Question

A rain drop of radius 2 mm falls from a height of 500 m above the ground. It falls with decreasing acceleration (due to viscous resistance of the air) until at half its original height, it attains its maximum (terminal) speed, and moves with uniform speed thereafter. What is the work done by the gravitational force on the drop in the first and second half of its journey ? What is the work done by the resistive force in the entire journey if its speed on reaching the ground is 10 m s^–1 ?

Answer 1

Radius of the rain drop, r = 2 mm = 2 × 10 ^- 3 m

Volume of the rain drop, \(V = \frac{4 }{ 3} π r^3 \)

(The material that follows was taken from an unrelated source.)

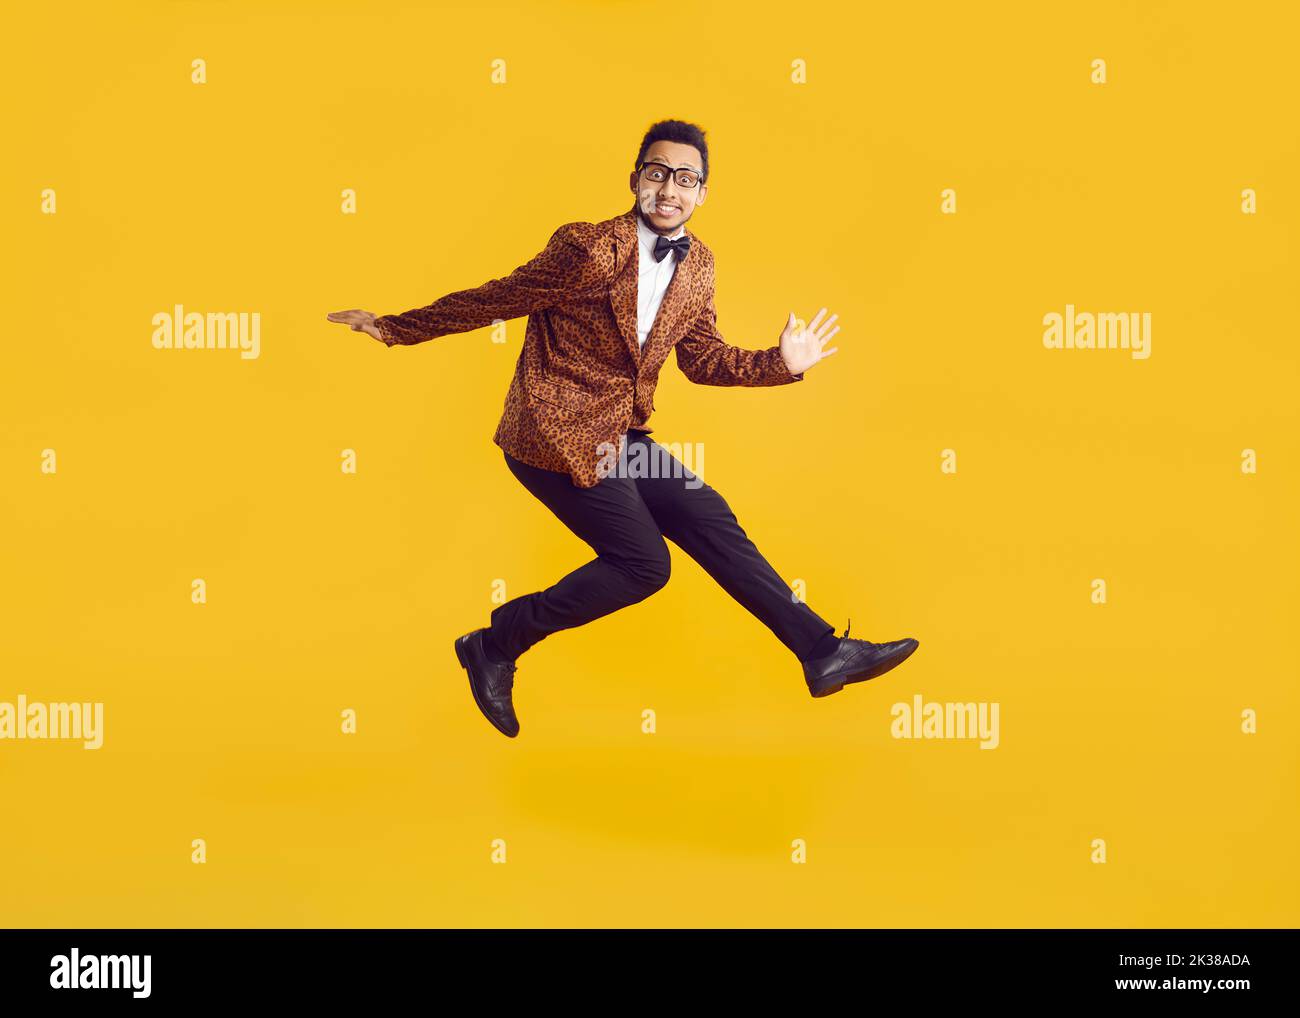 Cheerful funny dark-skinned young man in leopard jacket having fun jumping on yellow background. Stock Photo

= \(\frac{4 }{ 3} \)× 3.14 × (2 × 10 ^-3)³m ^{- 3}
Density of water, ρ = 10³ kg m ^-3
Mass of the rain drop, m = ρV 

= \(\frac{4 }{ 3} \) × 3.14 × ( 2 × 10 ^{- 3})³ × 10 ³ kg
Gravitational force, F = mg 

= \(\frac{4 }{ 3} \)× 3.14 × ( 2 × 10^-3)³ × 10 ³ ×9.8 N
The work done by the gravitational force on the drop in the first half of its journey: 

W_I = Fs 

= \(\frac{4 }{ 3} \)× 3.14 × (2 × 10 ^{- 3})³ × 10 ³ × 9.8 × 250 

= 0.082 J
This amount of work is equal to the work done by the gravitational force on the drop in the second half of its journey, i.e., W_II, = 0.082 J
As per the law of conservation of energy, if no resistive force is present, then the total energy of the rain drop will remain the same. 

∴ Total energy at the top: ET = mgh + 0 = \(\frac{4 }{ 3} \) × 3.14 × (2 × 10 ^- 3)³ × 10 3 × 9.8 × 500 × 10 ^-5

= 0.164 J 

Due to the presence of a resistive force, the drop hits the ground with a velocity of 10 m/s. 

∴Total energy at the ground: E_G = \(\frac{1 }{ 2}\) mv² + 0 

= \(\frac{1 }{ 2}\) × \(\frac{4 }{ 3}\) × 3.14 × (2 × 10^-3)³ × 10³ × 9.8 × (10)² 

= 1.675 × 10 ^{- 3} J

∴Resistive force = E_G – E_T = –0.162 J.